§ **DATA SHOWN**:
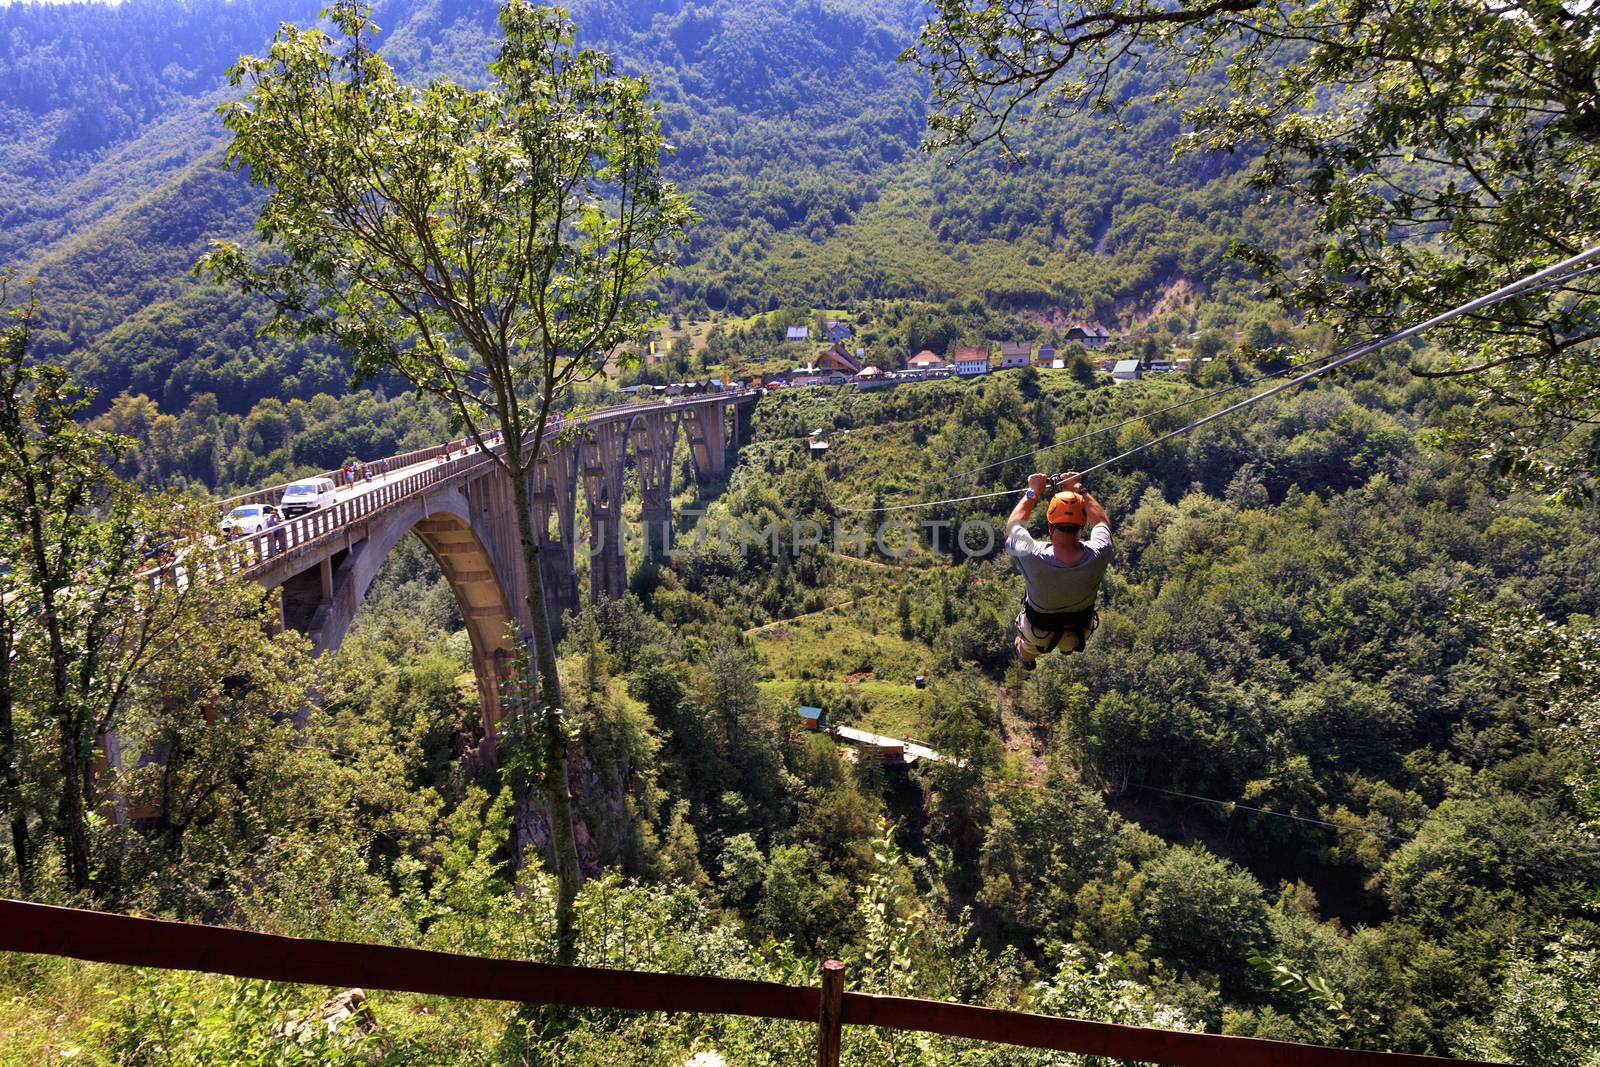 A man crosses over a long cable car over a mountain and forest across the Tiara River in Montenegro near the high stone bridge.
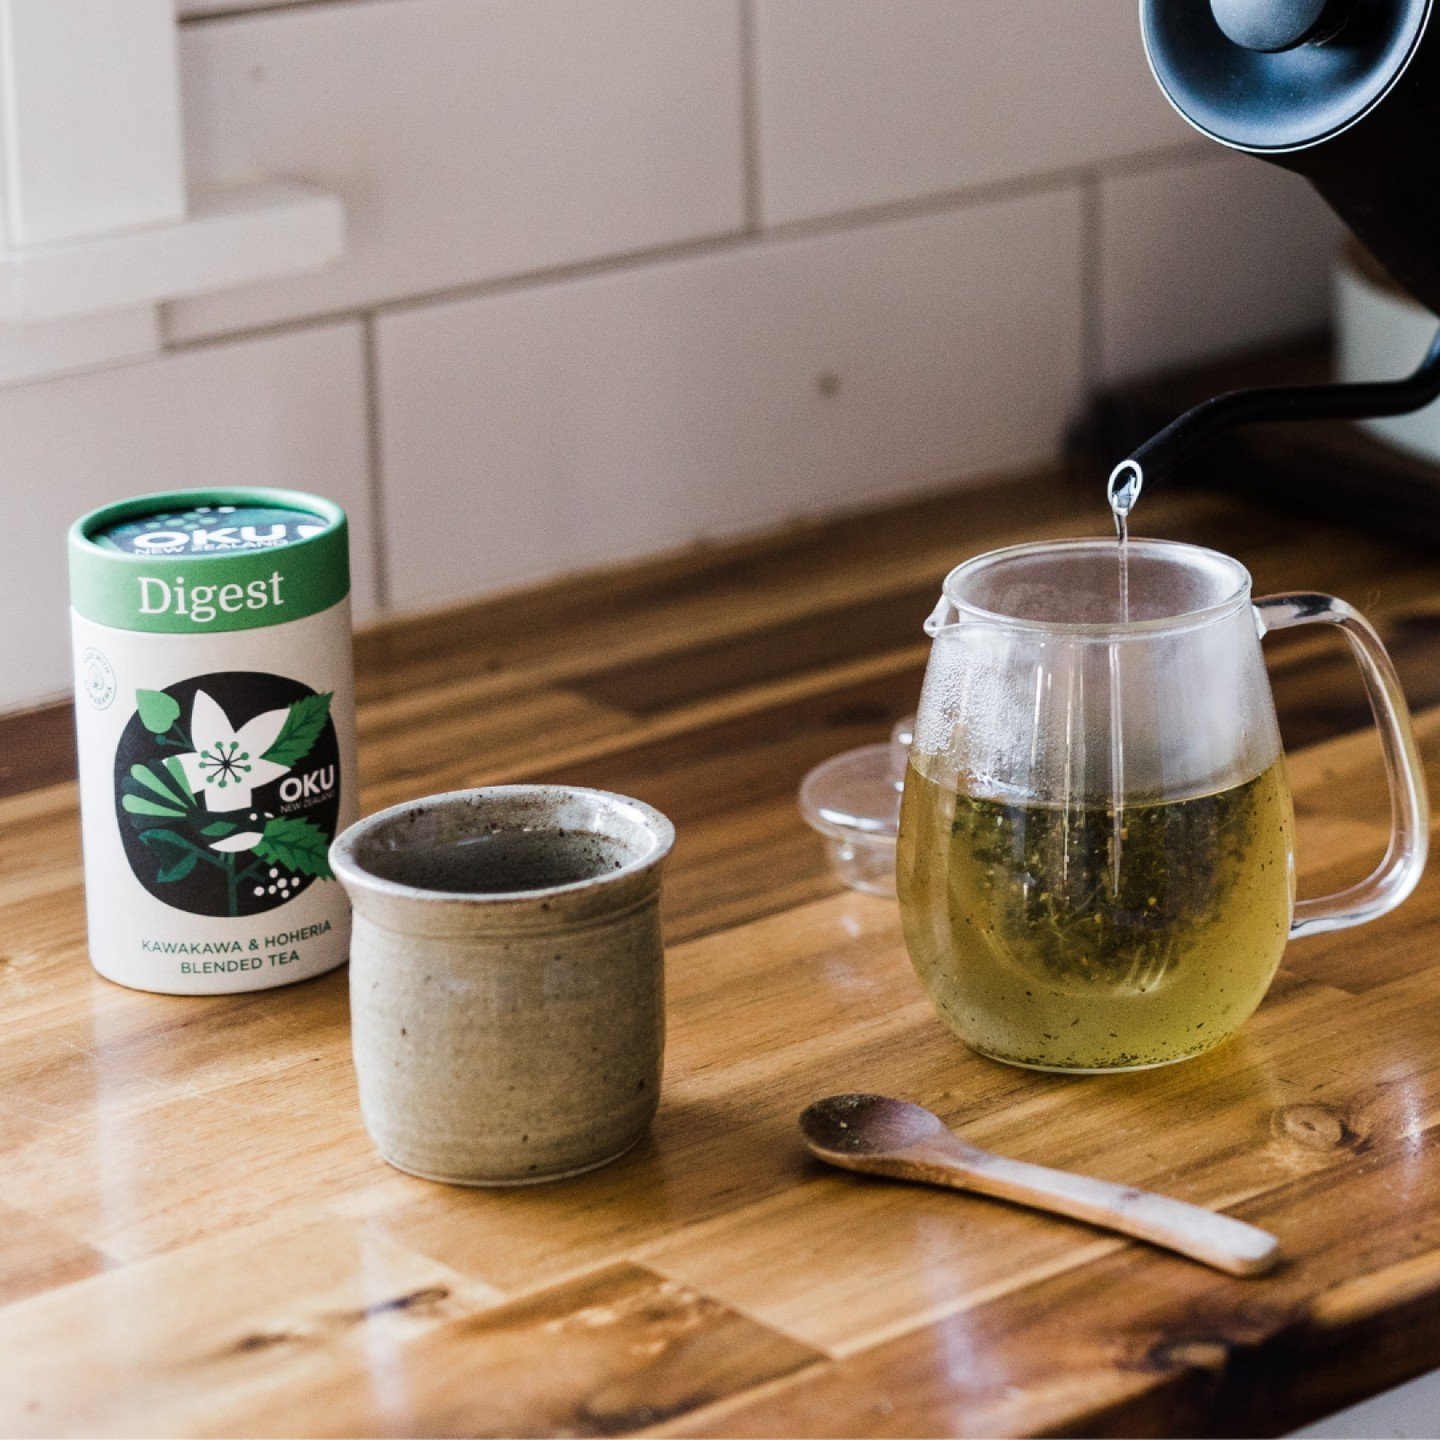 Revitalise your digestion with our Digest Tea, a comforting brew that's perfect for any time of day, especially after meals. 

Crafted with care, this blend combines the nurturing qualities of Kawakawa with the remarkable soothing properties of Hoher
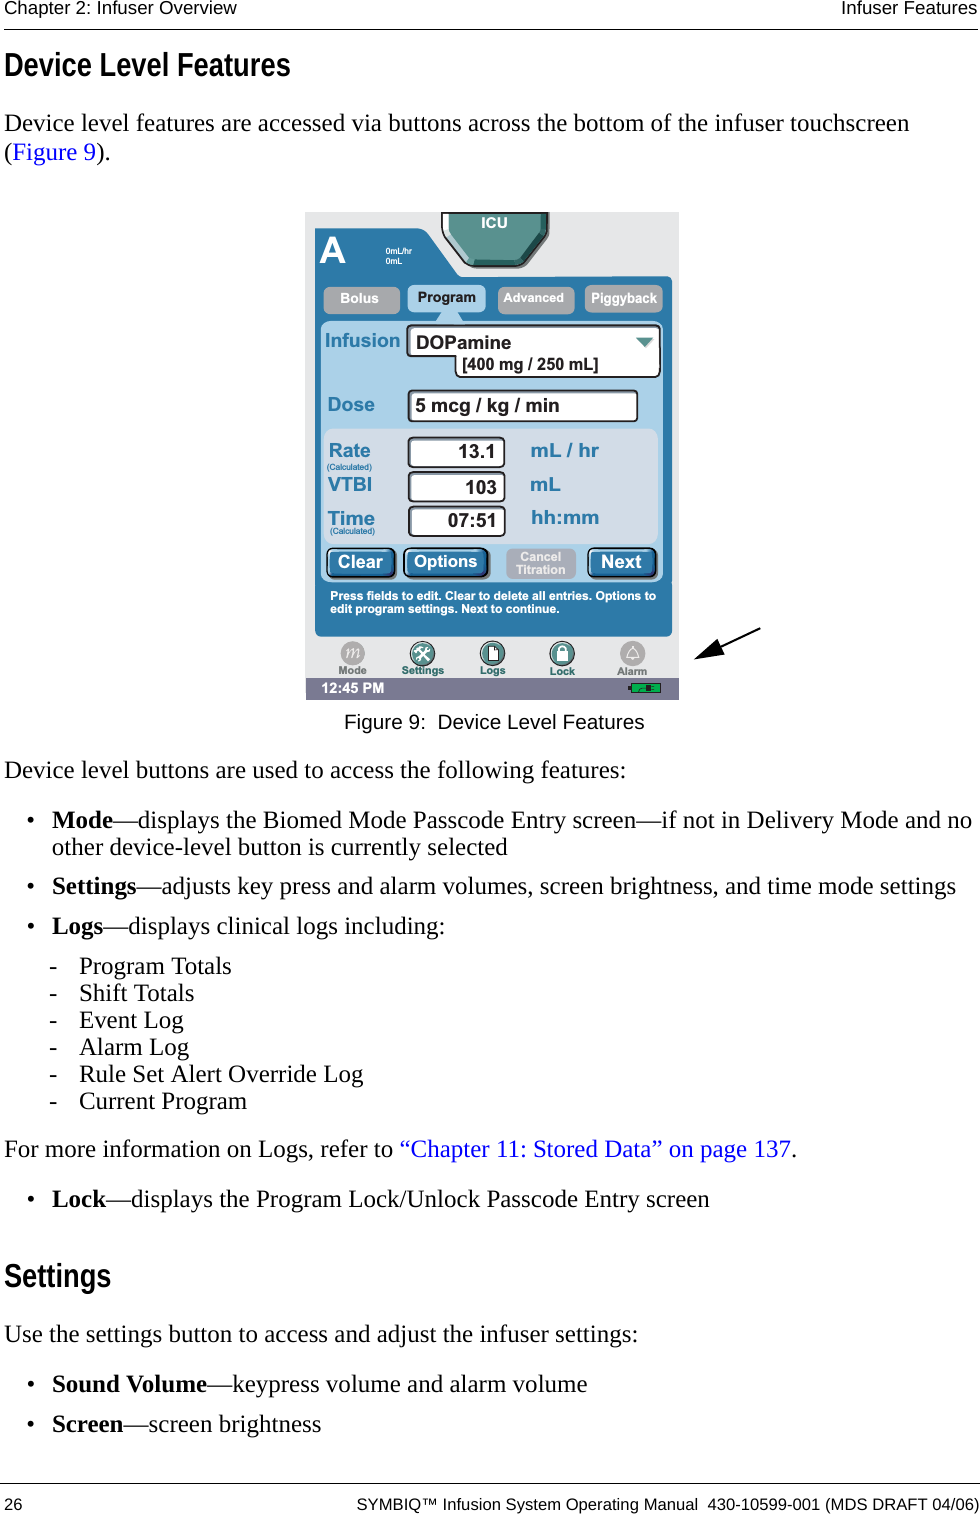  26 SYMBIQ™ Infusion System Operating Manual  430-10599-001 (MDS DRAFT 04/06)Chapter 2: Infuser Overview Infuser FeaturesDevice Level FeaturesDevice level features are accessed via buttons across the bottom of the infuser touchscreen (Figure 9). Figure 9:  Device Level FeaturesDevice level buttons are used to access the following features:•Mode—displays the Biomed Mode Passcode Entry screen—if not in Delivery Mode and no other device-level button is currently selected•Settings—adjusts key press and alarm volumes, screen brightness, and time mode settings•Logs—displays clinical logs including:- Program Totals- Shift Totals- Event Log-Alarm Log- Rule Set Alert Override Log- Current ProgramFor more information on Logs, refer to “Chapter 11: Stored Data” on page 137.•Lock—displays the Program Lock/Unlock Passcode Entry screenSettingsUse the settings button to access and adjust the infuser settings:•Sound Volume—keypress volume and alarm volume•Screen—screen brightness12:45 PMAProgramPiggybackRateDoseInfusion5mcg/kg/min13.110307:51VTBITimemL / hrmLhh:mmDOPaminePress fields to edit. Clear to delete all entries. Options toedit program settings. Next to continue.BolusAdvancedICUNextOptionsClearSettings Logs LockModeCancelTitrationAlarm0mL/hr0mL(Calculated)(Calculated)[400 mg / 250 mL]

§ **PROBLEM**:
Give the listing above again in its entirety, exactly as written and free of images.

§ **RESULT**:
 A man crosses over a long cable car over a mountain and forest across the Tiara River in Montenegro near the high stone bridge.
 Revitalise your digestion with our Digest Tea, a comforting brew that's perfect for any time of day, especially after meals. 

Crafted with care, this blend combines the nurturing qualities of Kawakawa with the remarkable soothing properties of Hoher
  26 SYMBIQ™ Infusion System Operating Manual  430-10599-001 (MDS DRAFT 04/06)Chapter 2: Infuser Overview Infuser FeaturesDevice Level FeaturesDevice level features are accessed via buttons across the bottom of the infuser touchscreen (Figure 9). Figure 9:  Device Level FeaturesDevice level buttons are used to access the following features:•Mode—displays the Biomed Mode Passcode Entry screen—if not in Delivery Mode and no other device-level button is currently selected•Settings—adjusts key press and alarm volumes, screen brightness, and time mode settings•Logs—displays clinical logs including:- Program Totals- Shift Totals- Event Log-Alarm Log- Rule Set Alert Override Log- Current ProgramFor more information on Logs, refer to “Chapter 11: Stored Data” on page 137.•Lock—displays the Program Lock/Unlock Passcode Entry screenSettingsUse the settings button to access and adjust the infuser settings:•Sound Volume—keypress volume and alarm volume•Screen—screen brightness12:45 PMAProgramPiggybackRateDoseInfusion5mcg/kg/min13.110307:51VTBITimemL / hrmLhh:mmDOPaminePress fields to edit. Clear to delete all entries. Options toedit program settings. Next to continue.BolusAdvancedICUNextOptionsClearSettings Logs LockModeCancelTitrationAlarm0mL/hr0mL(Calculated)(Calculated)[400 mg / 250 mL]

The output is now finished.